> Exercise objective
Look through the listing below, and wherever a line has the string "with", pull it out.

> Records to process
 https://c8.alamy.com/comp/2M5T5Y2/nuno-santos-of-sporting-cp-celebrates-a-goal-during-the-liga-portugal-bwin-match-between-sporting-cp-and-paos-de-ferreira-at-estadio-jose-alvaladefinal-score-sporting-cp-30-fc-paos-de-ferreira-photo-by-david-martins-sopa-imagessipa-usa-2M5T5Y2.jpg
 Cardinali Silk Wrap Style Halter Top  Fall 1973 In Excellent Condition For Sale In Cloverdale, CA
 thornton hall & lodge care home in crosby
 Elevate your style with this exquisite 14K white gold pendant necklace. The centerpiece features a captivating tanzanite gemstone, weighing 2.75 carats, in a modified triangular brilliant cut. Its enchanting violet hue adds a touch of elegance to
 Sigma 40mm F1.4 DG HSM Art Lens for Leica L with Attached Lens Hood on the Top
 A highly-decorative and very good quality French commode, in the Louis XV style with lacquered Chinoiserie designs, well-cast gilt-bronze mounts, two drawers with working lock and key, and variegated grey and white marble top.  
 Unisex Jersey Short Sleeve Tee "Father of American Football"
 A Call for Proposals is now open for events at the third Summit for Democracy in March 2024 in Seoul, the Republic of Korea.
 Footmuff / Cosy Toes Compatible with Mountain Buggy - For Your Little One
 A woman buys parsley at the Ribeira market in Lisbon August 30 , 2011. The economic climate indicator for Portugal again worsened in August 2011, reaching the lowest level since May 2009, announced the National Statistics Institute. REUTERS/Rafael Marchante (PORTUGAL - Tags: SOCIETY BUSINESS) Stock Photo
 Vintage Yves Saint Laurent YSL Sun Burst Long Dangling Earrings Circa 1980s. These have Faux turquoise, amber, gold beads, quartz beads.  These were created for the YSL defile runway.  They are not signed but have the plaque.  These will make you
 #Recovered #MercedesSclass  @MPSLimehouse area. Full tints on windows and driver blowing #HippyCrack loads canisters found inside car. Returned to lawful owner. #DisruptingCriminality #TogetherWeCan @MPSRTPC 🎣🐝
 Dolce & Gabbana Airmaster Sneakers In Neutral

> Reply
 Elevate your style with this exquisite 14K white gold pendant necklace. The centerpiece features a captivating tanzanite gemstone, weighing 2.75 carats, in a modified triangular brilliant cut. Its enchanting violet hue adds a touch of elegance to
 Sigma 40mm F1.4 DG HSM Art Lens for Leica L with Attached Lens Hood on the Top
 A highly-decorative and very good quality French commode, in the Louis XV style with lacquered Chinoiserie designs, well-cast gilt-bronze mounts, two drawers with working lock and key, and variegated grey and white marble top.  
 Footmuff / Cosy Toes Compatible with Mountain Buggy - For Your Little One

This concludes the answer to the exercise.